Leader of Bundu dia Kongo
- In office 1986 – 18 October 2023
- Preceded by: Position established
- Succeeded by: TBD

Personal details
- Born: Zacharie Badiengila 1946 Luozi Territory, Belgian Congo
- Died: 18 October 2023 (aged 77) Kinshasa, Democratic Republic of the Congo
- Party: BDK
- Occupation: Religious leader

= Muanda Nsemi =

Congolese religious leader and politician (1946–2023)

Zacharie Badiengila, known as Ne Muanda Nsemi, (1946 – 18 October 2023) was a Congolese religious leader and politician. He was leader of the political and religious movement Bundu dia Kongo (BDK).

==Biography==
Born in Luozi Territory in 1946, Badiengila took on the name Ne Muanda Nsemi, which means "the creative spirit" in Kikongo. He resided in Kinshasa and was a chemist by occupation. He considered himself a spiritual heir of Simon Kimbangu, a preacher and prophet of Kimbanguism. He also defined himself as a political heir of Joseph Kasa-Vubu, who served as President and supported the resurrection of the Kingdom of Kongo. Like his mentors, he came from the former Bas-Congo.

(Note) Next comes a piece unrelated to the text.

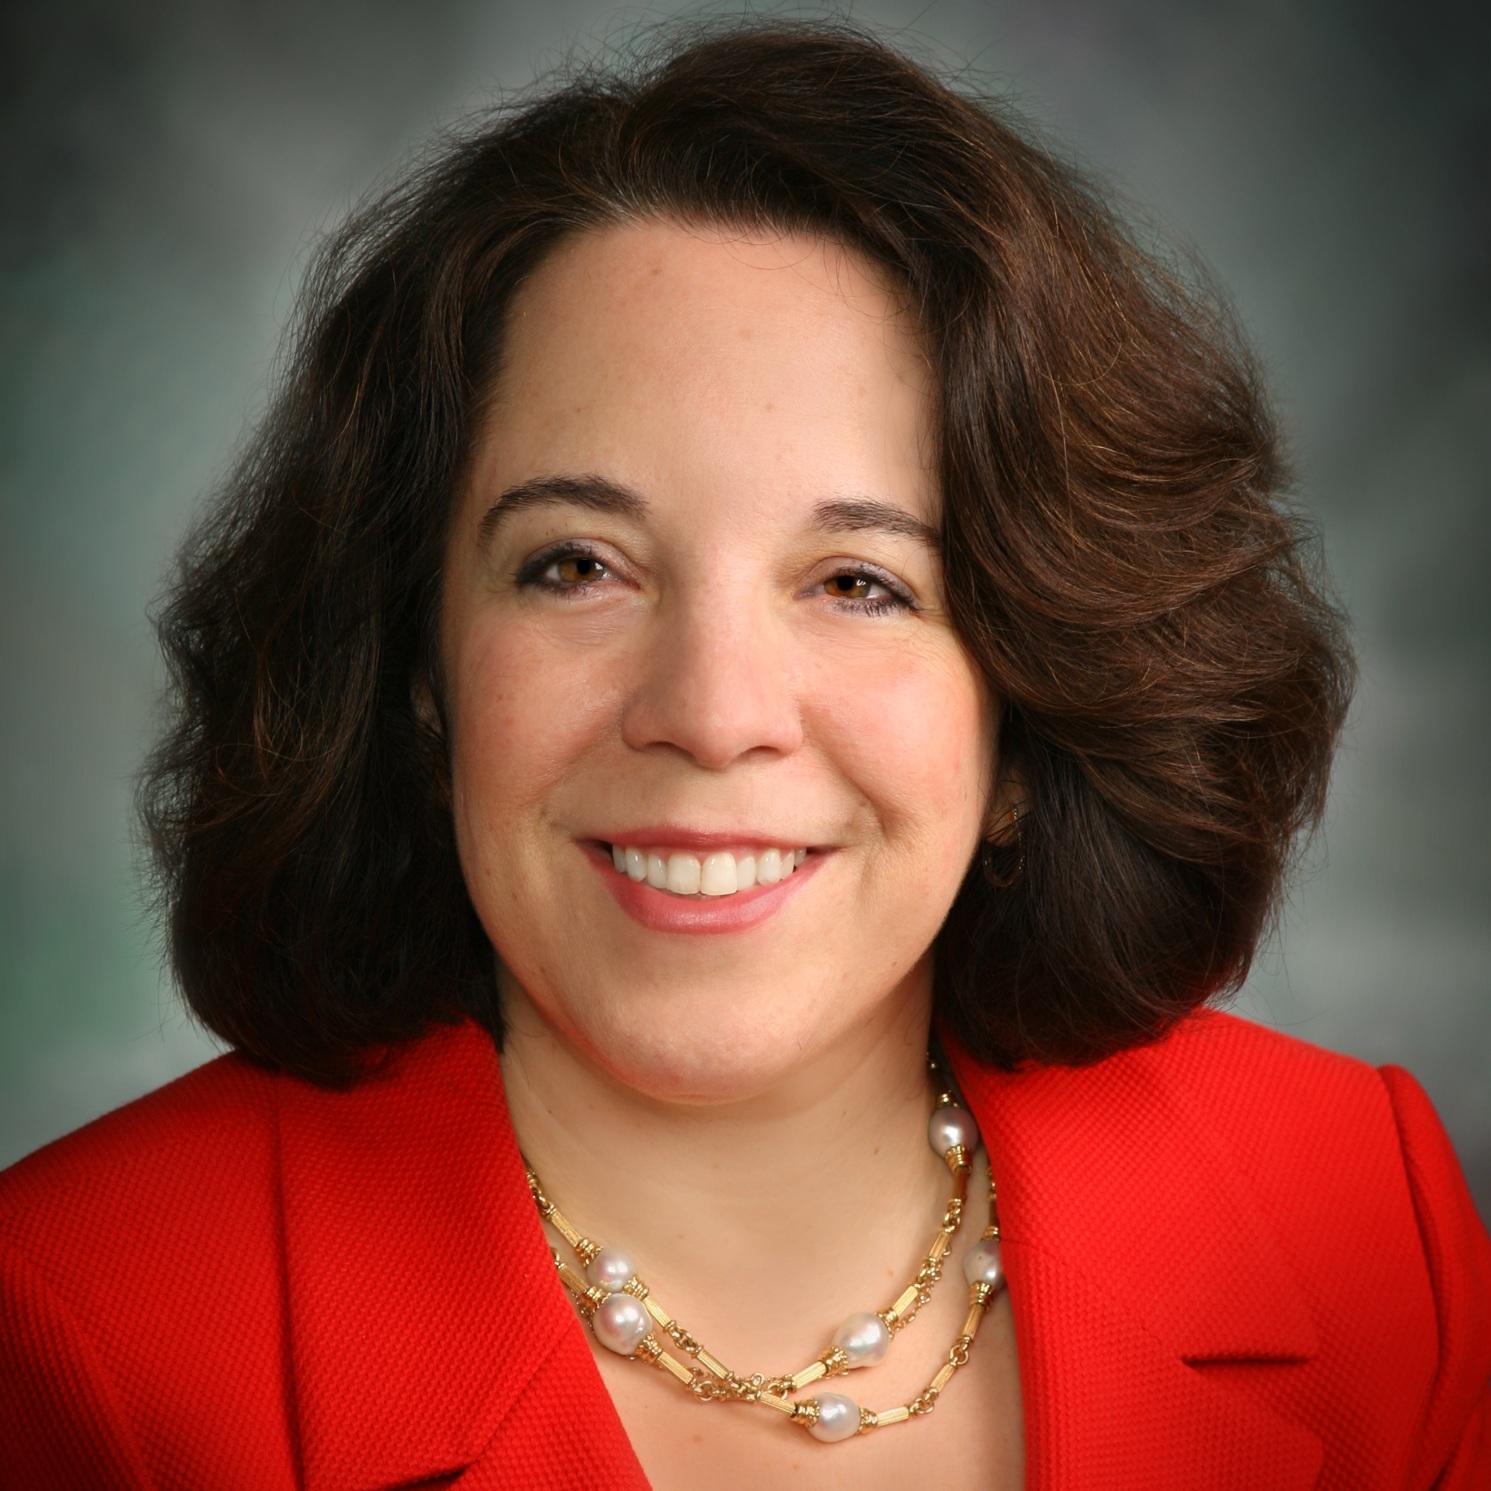 Jennifer Warren   Vice President of Technology Policy and Regulation  Lockheed Martin Corporation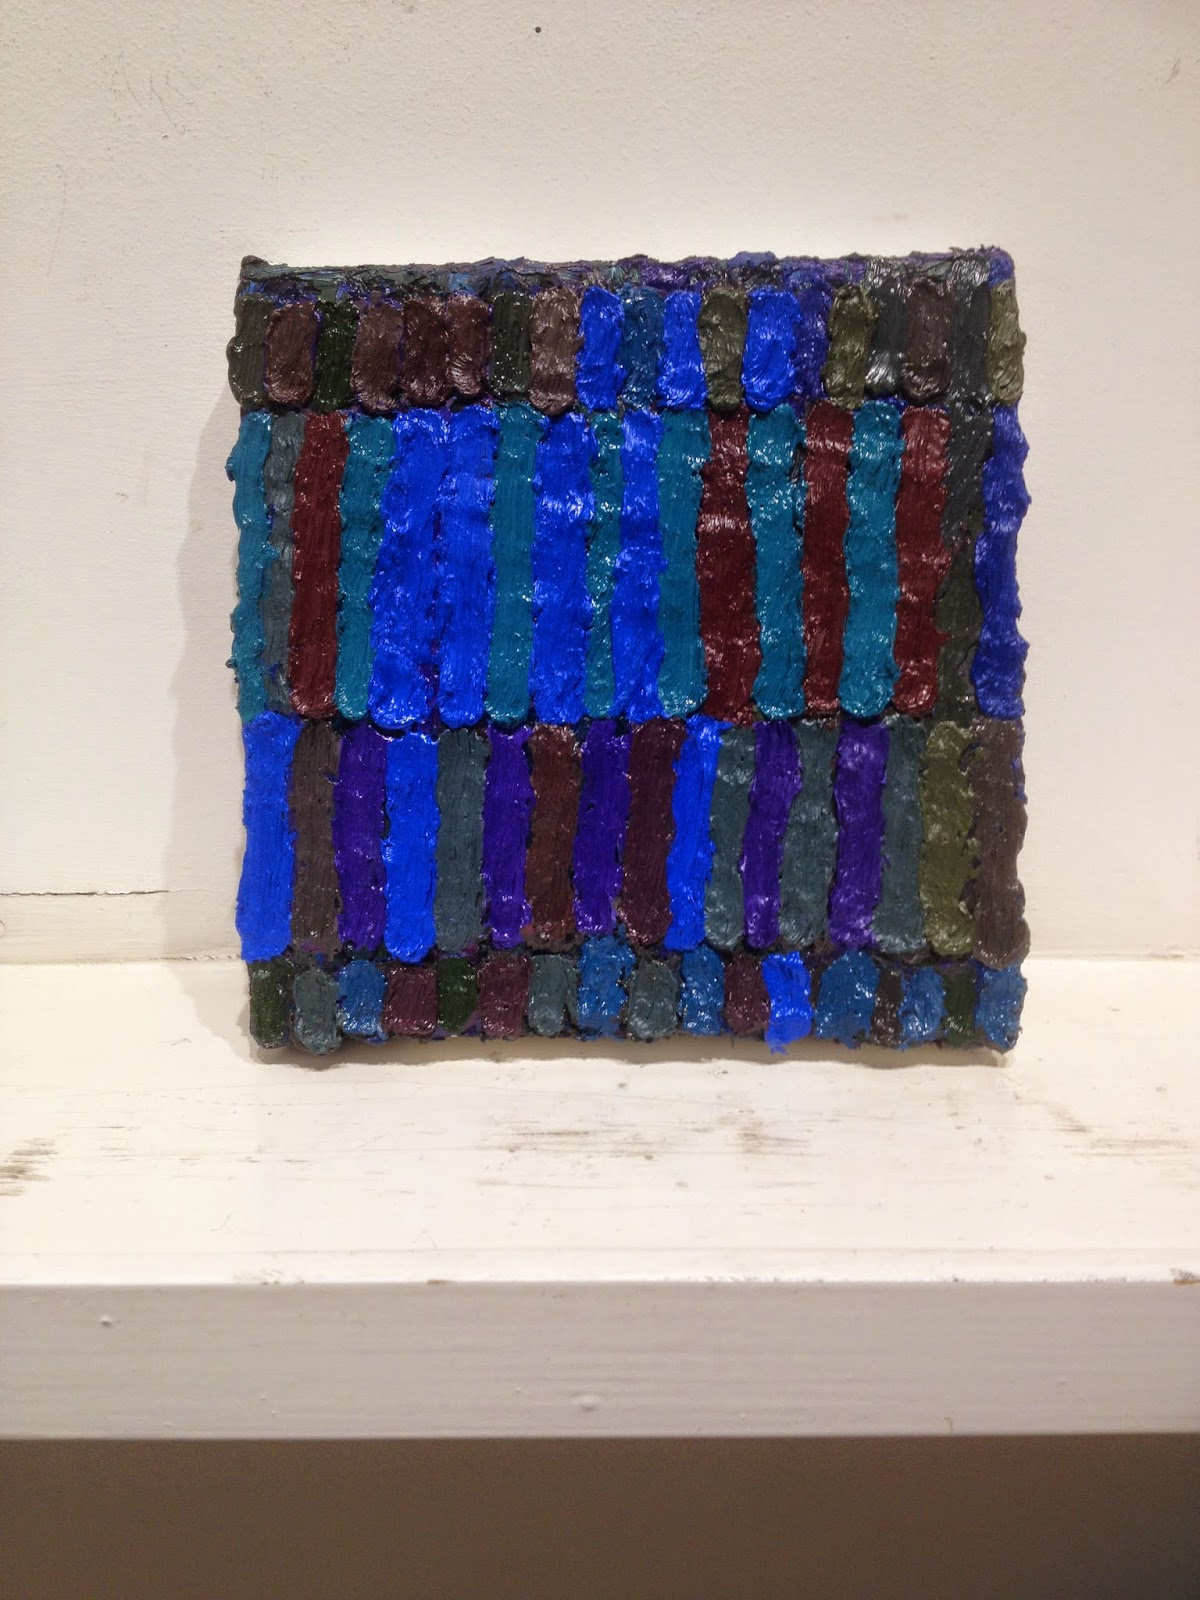 Brett Baker, Moon, Then Studio, 2014-2015, oil on canvas, 6 x 6 inches (photo: S

Nsemi founded the BDK in 1969, but officially created the organization in 1986 to expand into politics, as it was originally a cultural association. He wrote several works in Kikongo, including Mvutu kua PSV, a response to the Spiritual Power of the Verb of Bavua Ntinu André. He served in the National Assembly and was an unsuccessful candidate for Vice-Governor.

Nsemi was accused of translating texts of the PSV without express authorization in order to teach them to his followers. During the 2006 elections, he accused President Joseph Kabila of being a "Rwandan who wants to monopolize the DRC", and his movement participated in the Bas-Congo riots of February 2007. Another clash broke out for several days in Kinshasa and ended on 3 March 2017 by his arrest and incarceration at Makala Central Prison. He escaped during a planned jailbreak with the support of militants who started a fire at the penitentiary.

Nsemi disappeared after his escape and was thought to be dead, but reappeared during the administration of Félix Tshisekedi in 2019. Initially hoping for amnesty from Joseph Olenghankoy, he then accused Tshisekedi of marrying a Rwandan woman. He carried out another attack in March 2020 in different towns in the Kongo Central province. He was arrested the following month and admitted to a neuro-psychopathical center in Kinshasa. Some MPs pleaded with authorities in his favor, and he was released after long negotiations. He apologized to Tshisekedi and the first lady.

Ne Muanda Nsemi died in Kinshasa on 18 October 2023, at the age of 77.